[Opening Data to use section]
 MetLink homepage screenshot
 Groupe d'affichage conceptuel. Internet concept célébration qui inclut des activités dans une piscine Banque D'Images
[Closing Data to use section]
[Opening Data to use section]
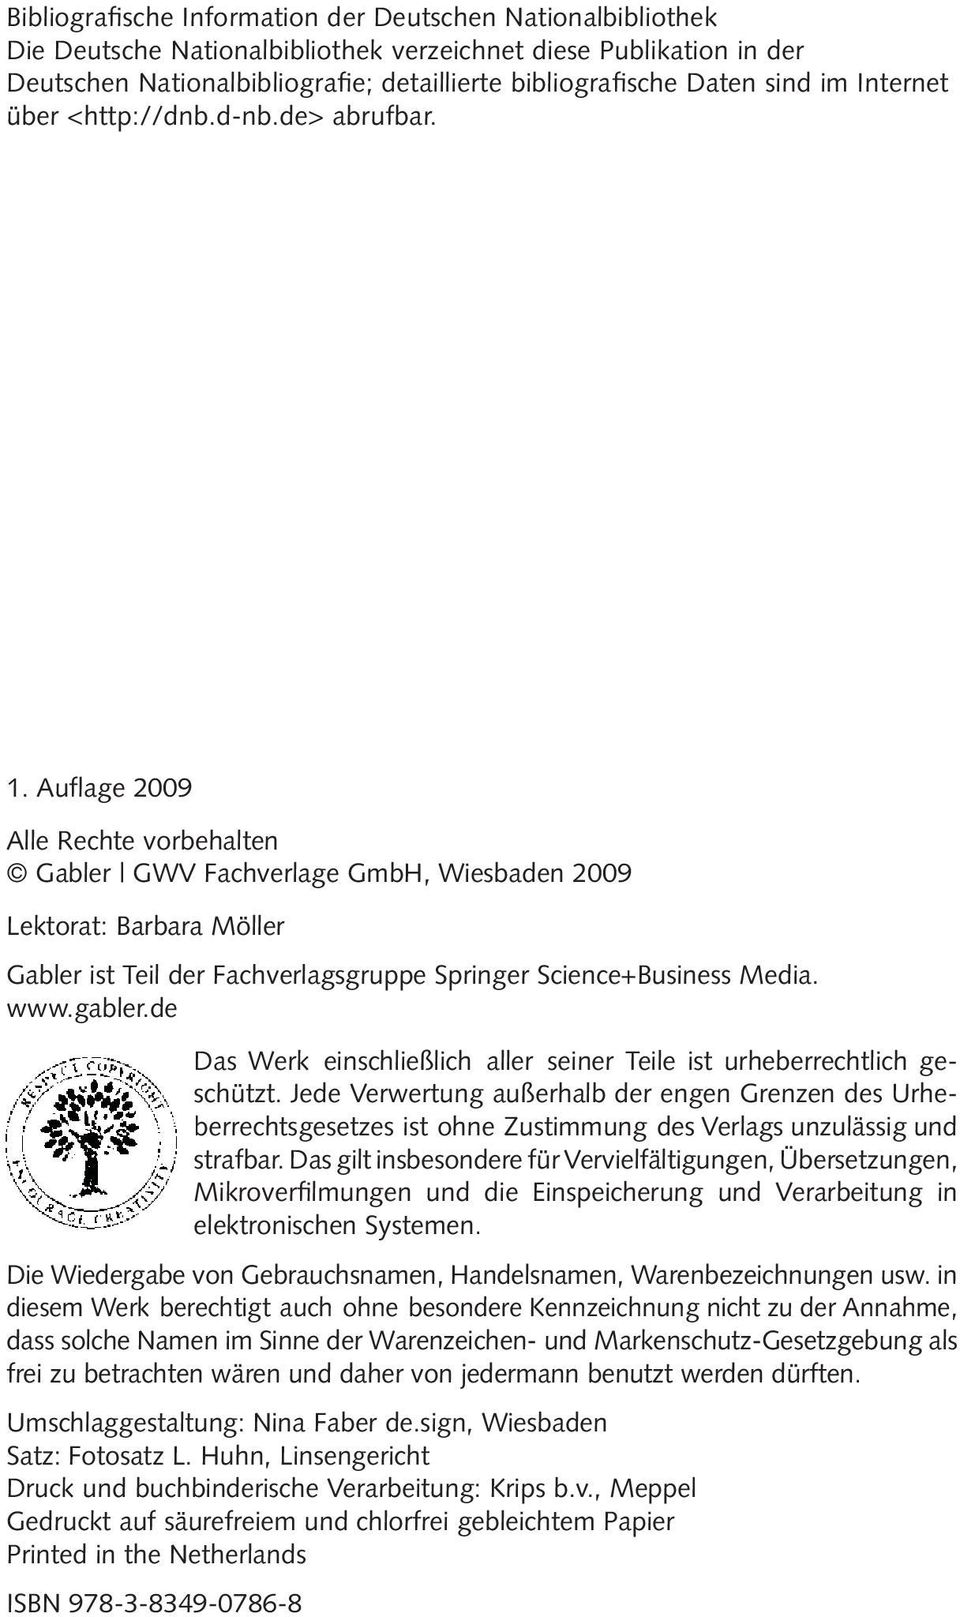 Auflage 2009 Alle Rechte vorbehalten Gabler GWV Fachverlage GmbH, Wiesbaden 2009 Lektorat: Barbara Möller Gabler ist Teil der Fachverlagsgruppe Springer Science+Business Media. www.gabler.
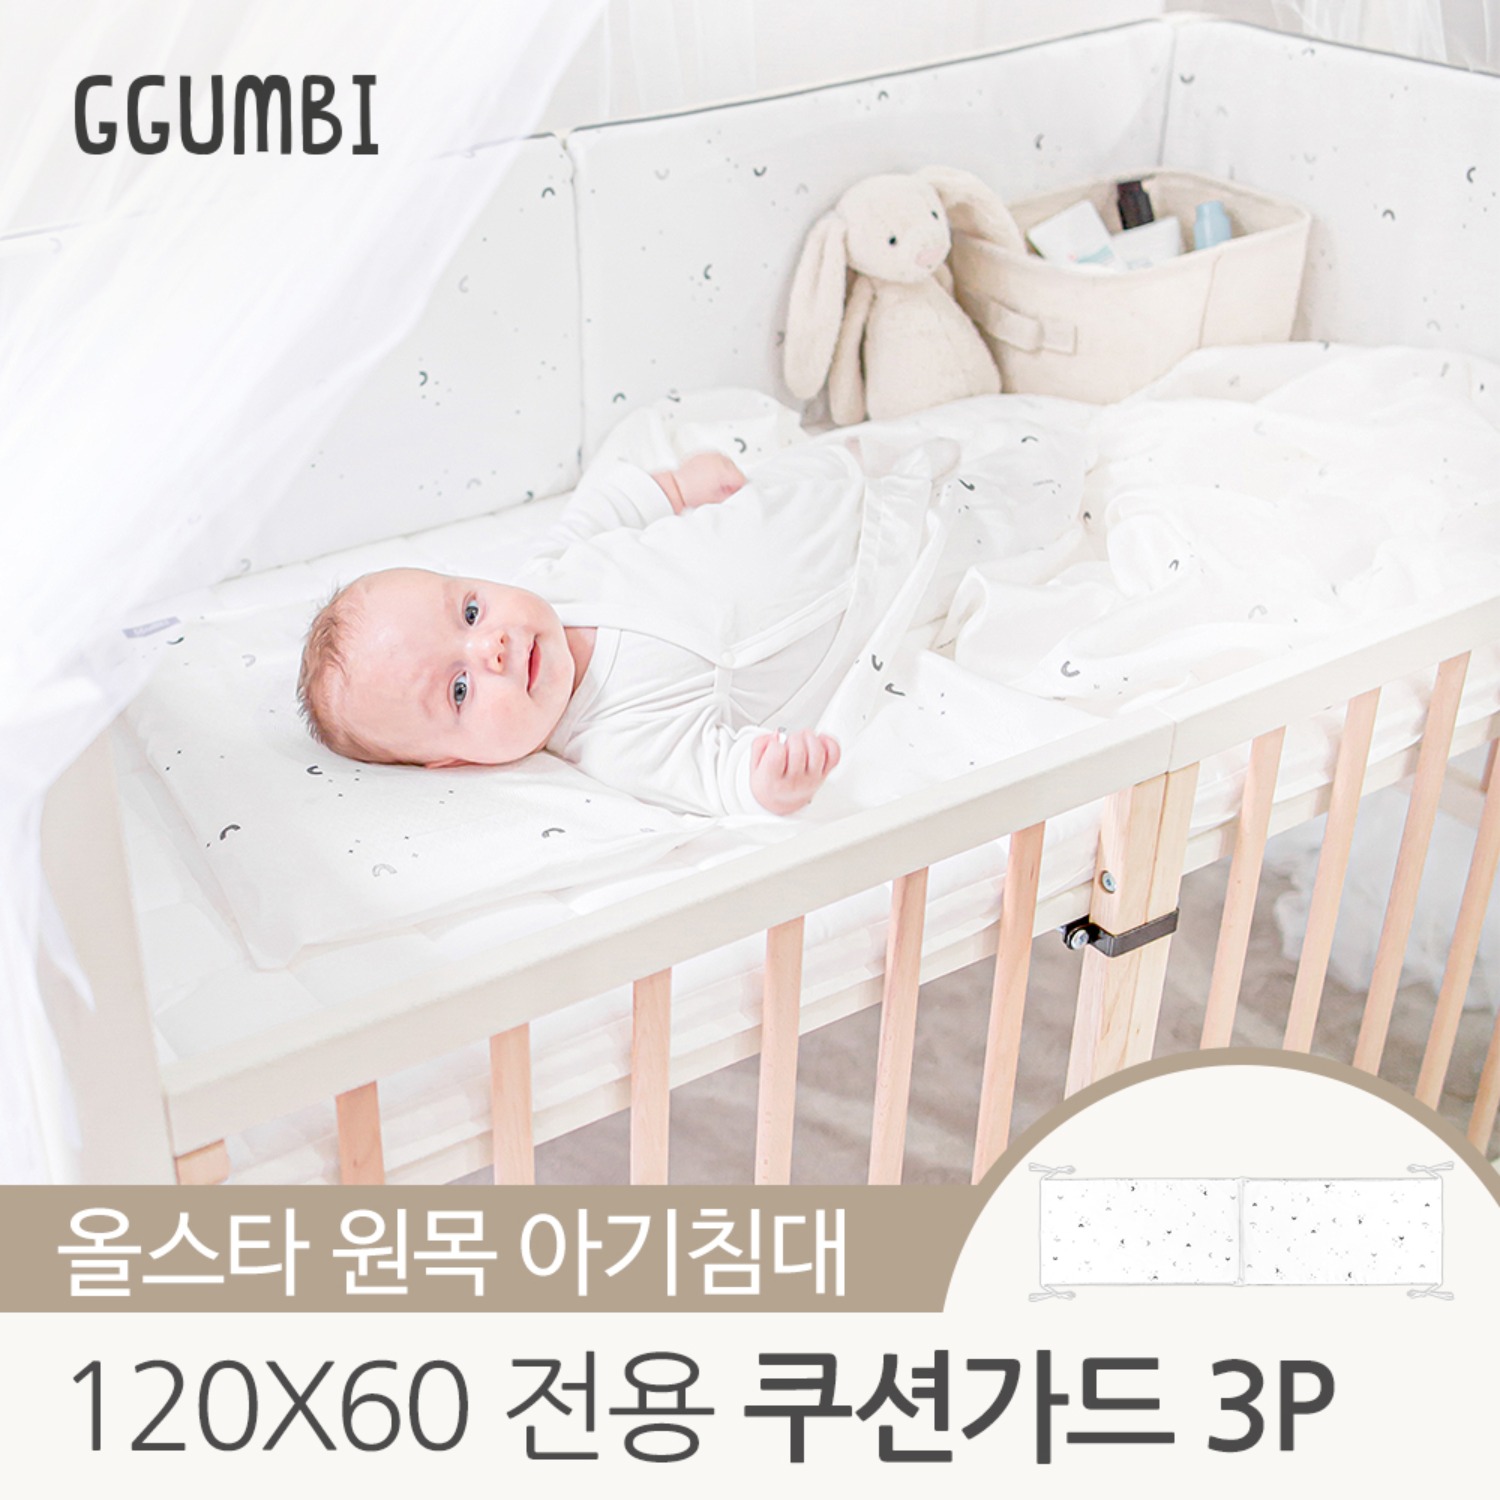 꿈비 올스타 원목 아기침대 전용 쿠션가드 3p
[Closing Data to use section]
[Opening Data to use section]
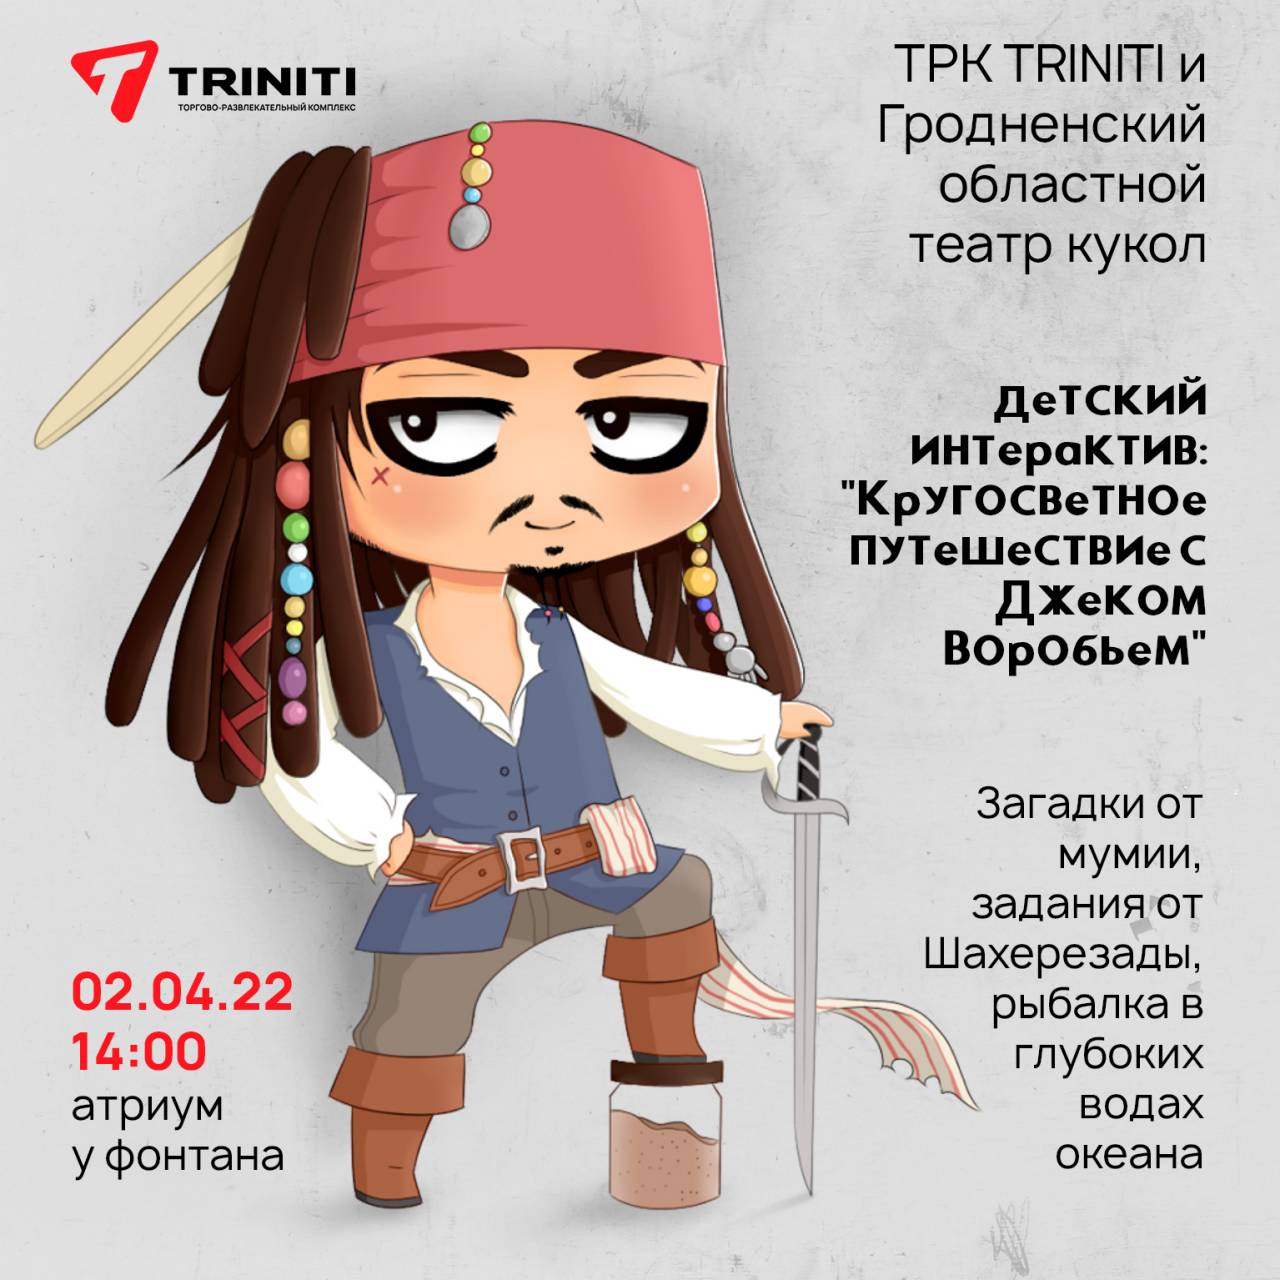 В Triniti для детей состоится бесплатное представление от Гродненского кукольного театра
[Closing Data to use section]
From the records above, extract exactly and only the lines that begin at the line with "MetLink homepage screenshot" and stop after the line with "Groupe d'affichage conceptuel.".

◆ Exercise answer ◆
 MetLink homepage screenshot
 Groupe d'affichage conceptuel. Internet concept célébration qui inclut des activités dans une piscine Banque D'Images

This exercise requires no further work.